→ Task requirements
A copy of the listing below is needed, exact in every line and without images.
[Start of Attachment]
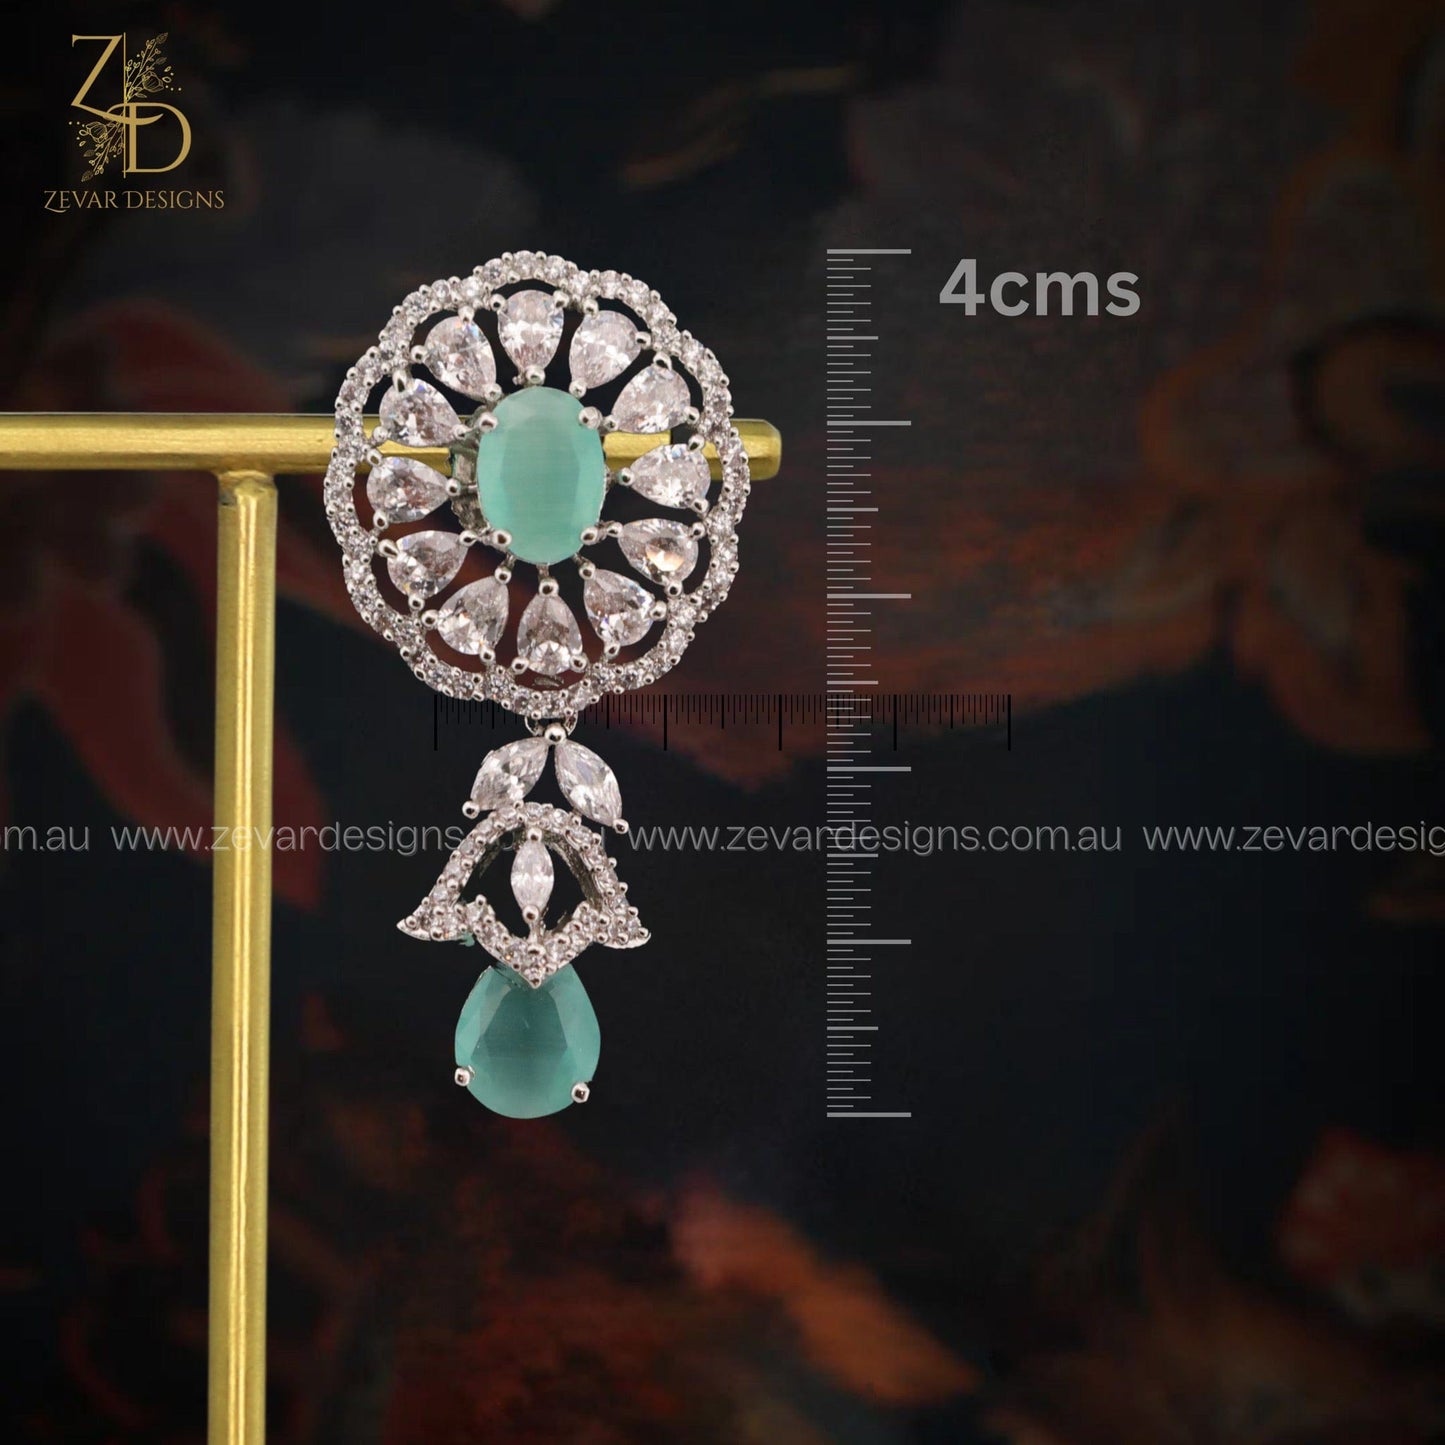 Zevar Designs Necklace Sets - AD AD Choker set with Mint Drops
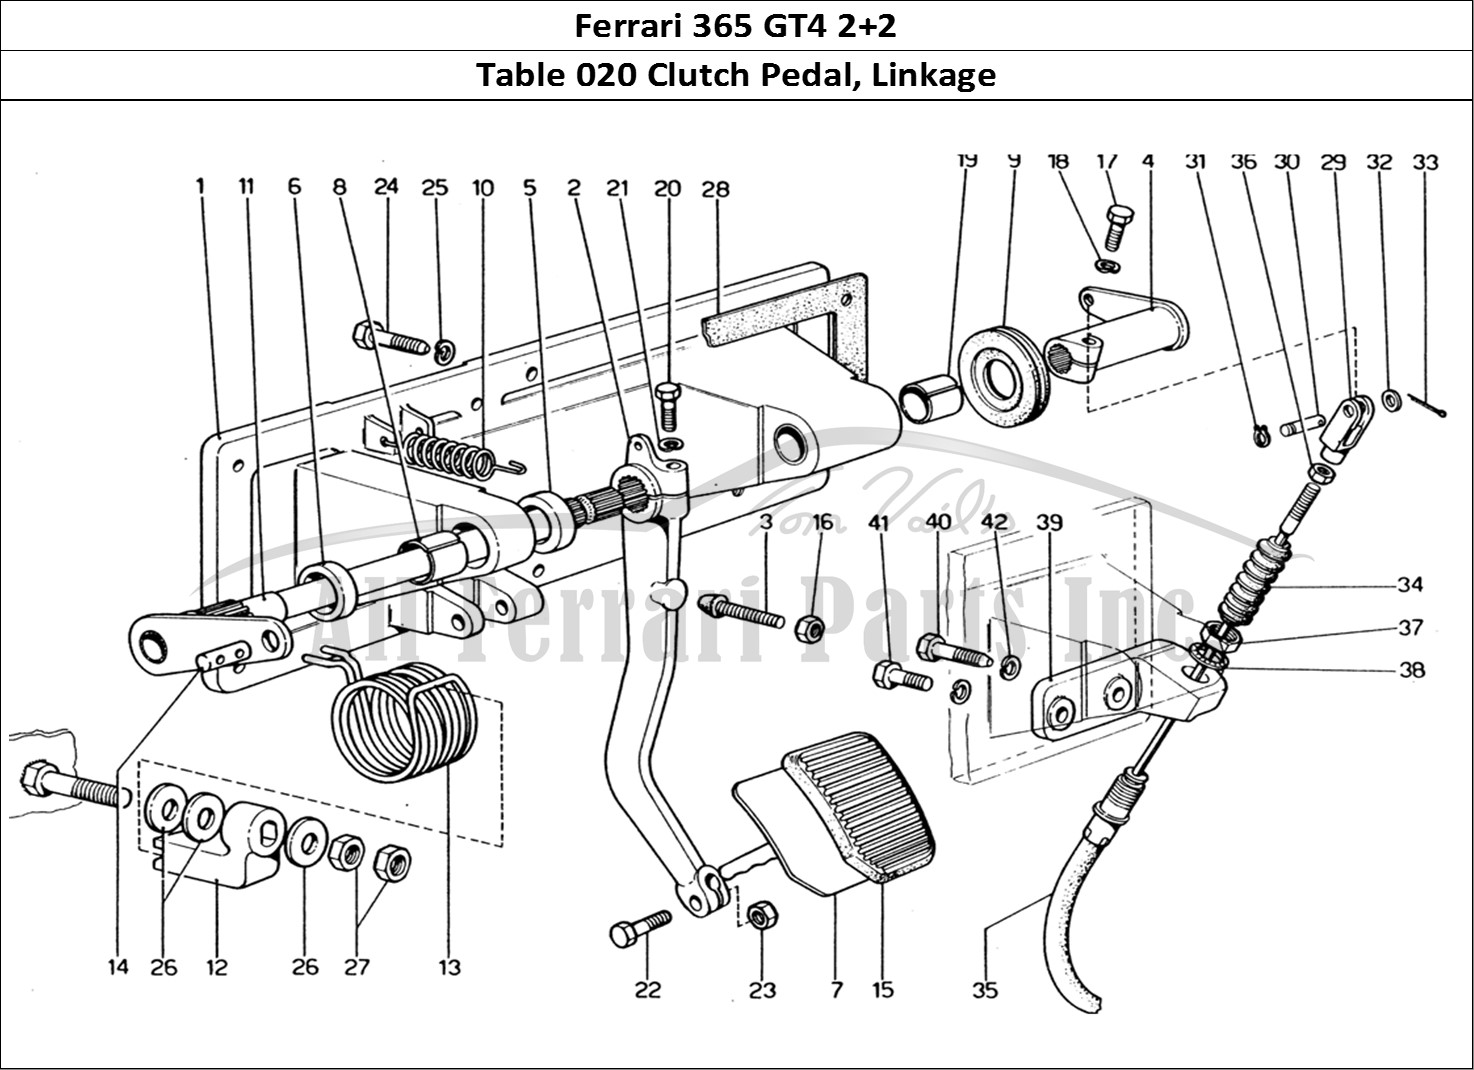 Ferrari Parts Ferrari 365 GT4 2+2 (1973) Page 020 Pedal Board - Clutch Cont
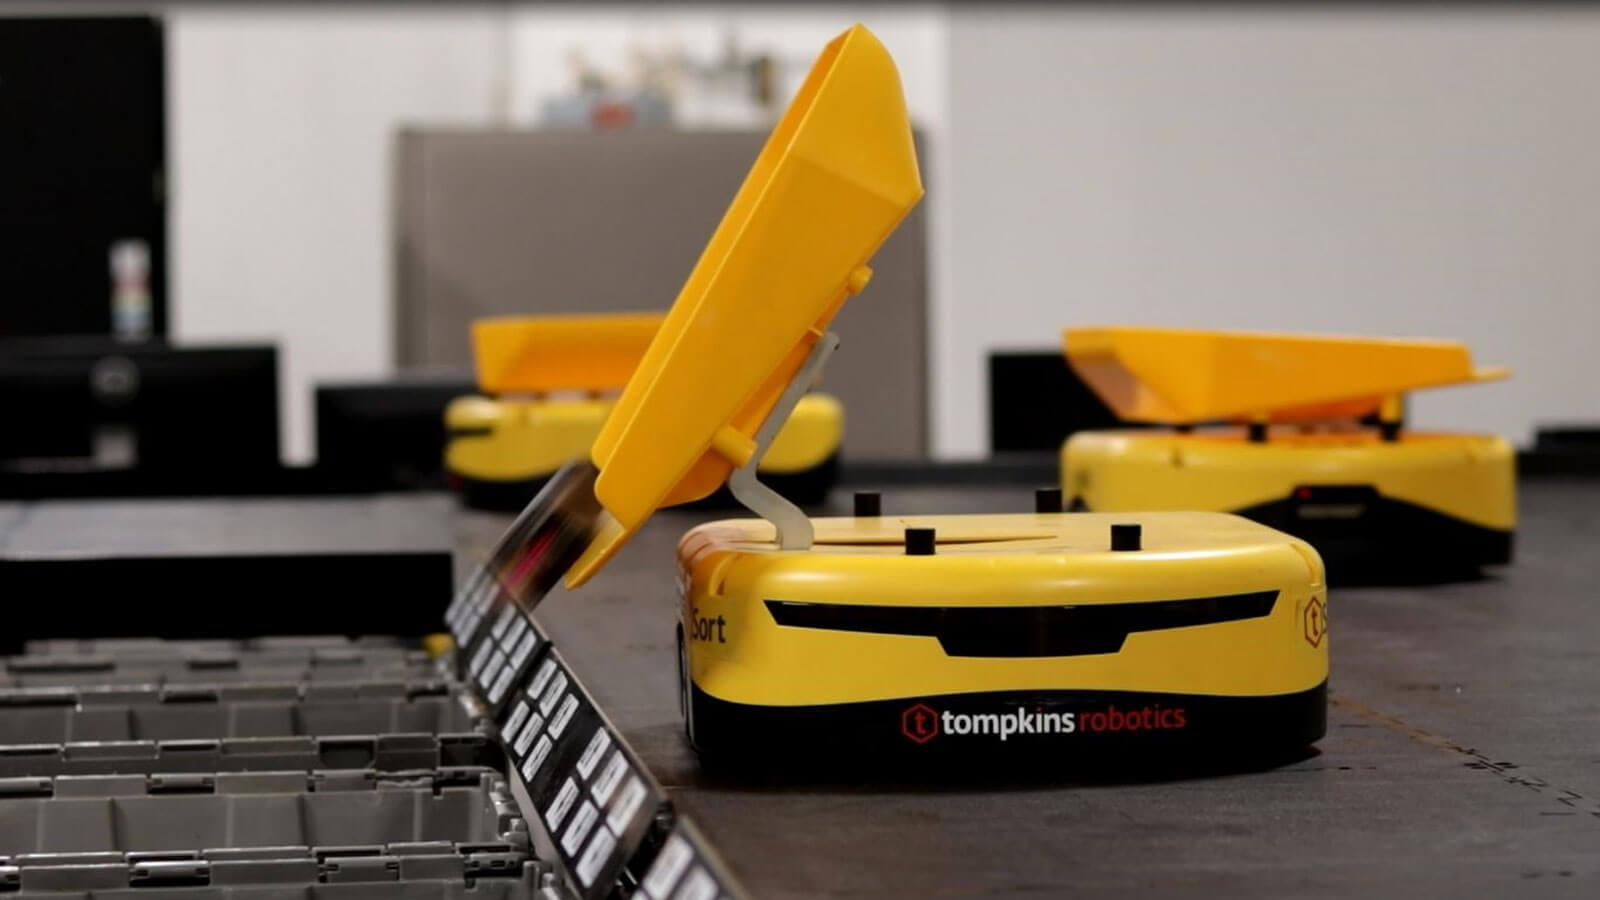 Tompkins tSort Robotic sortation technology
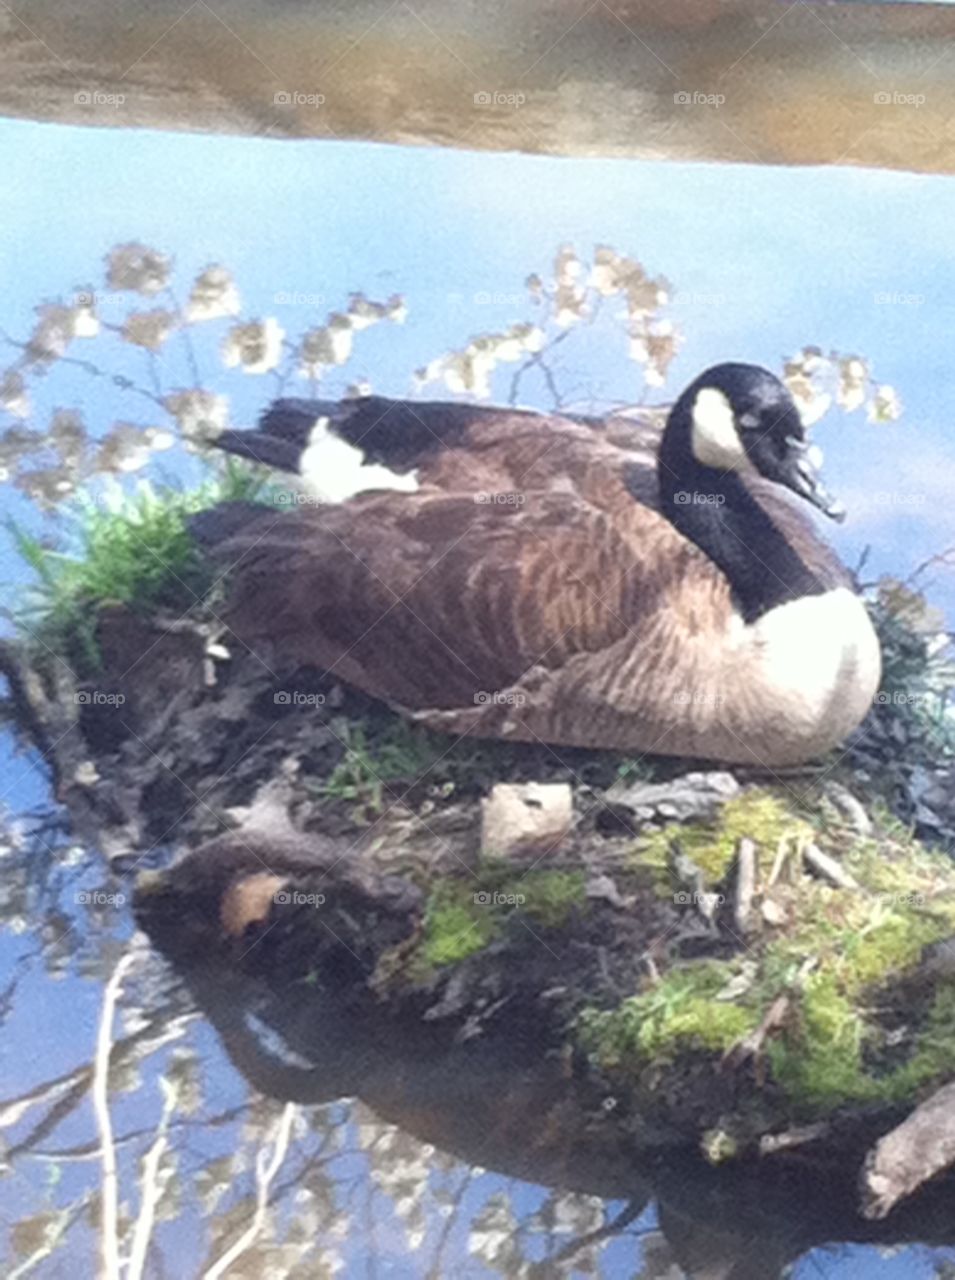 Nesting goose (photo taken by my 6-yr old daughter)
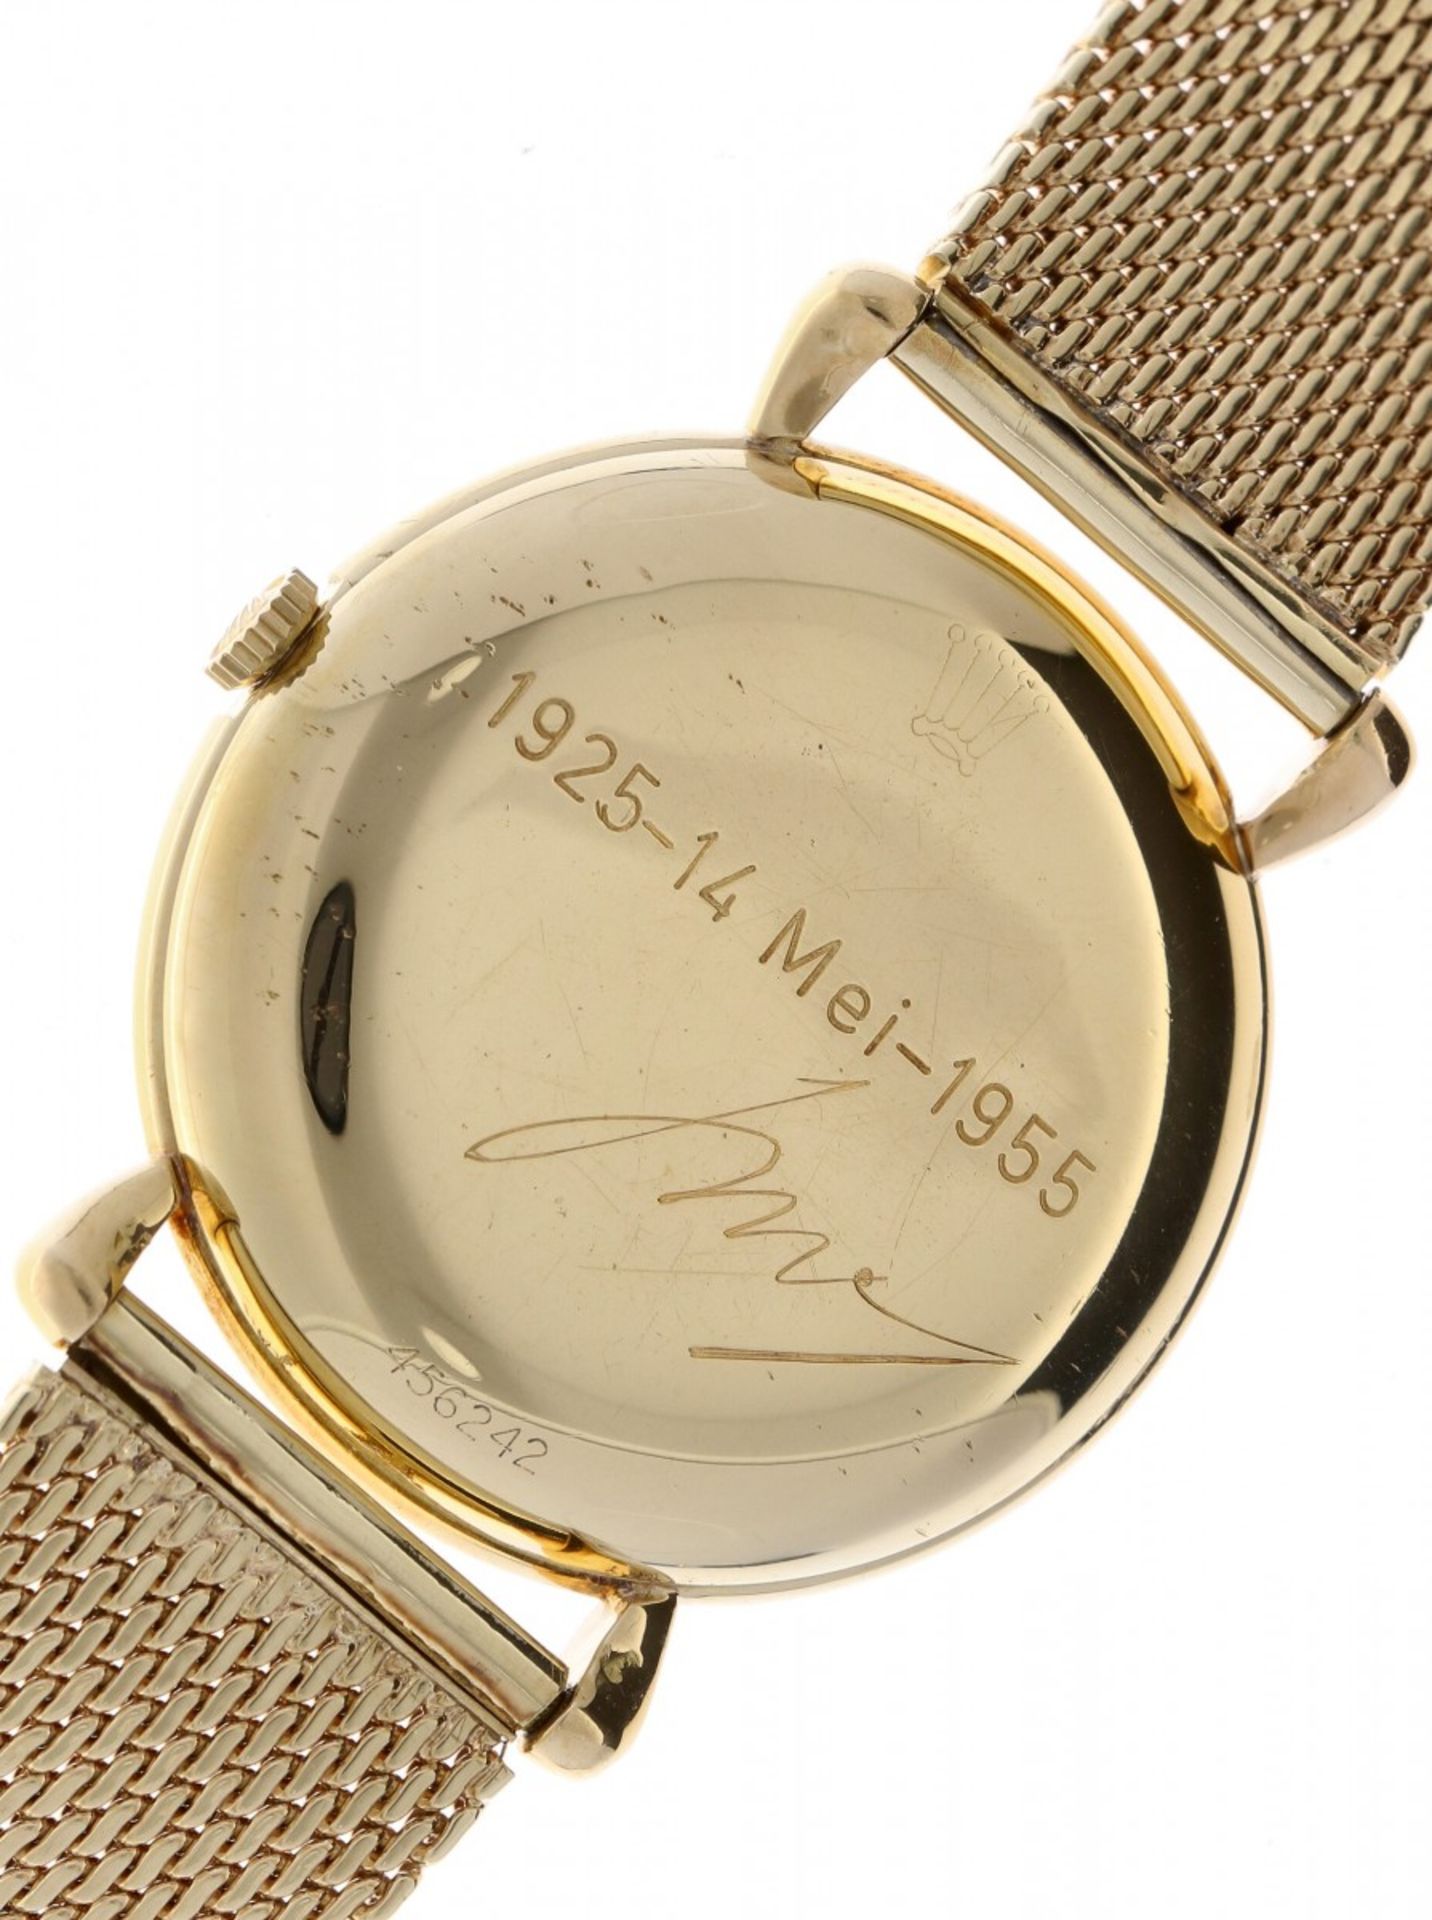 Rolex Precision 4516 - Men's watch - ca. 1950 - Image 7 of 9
[End of Attachment]
→ Your solution
 Zevar Designs Necklace Sets - AD AD Choker set with Mint Drops
 Ferrari Parts Ferrari 365 GT4 2+2 (1973) Page 020 Pedal Board - Clutch Cont
 Tompkins tSort Robotic sortation technology
 Nesting goose (photo taken by my 6-yr old daughter)
 Rolex Precision 4516 - Men's watch - ca. 1950 - Image 7 of 9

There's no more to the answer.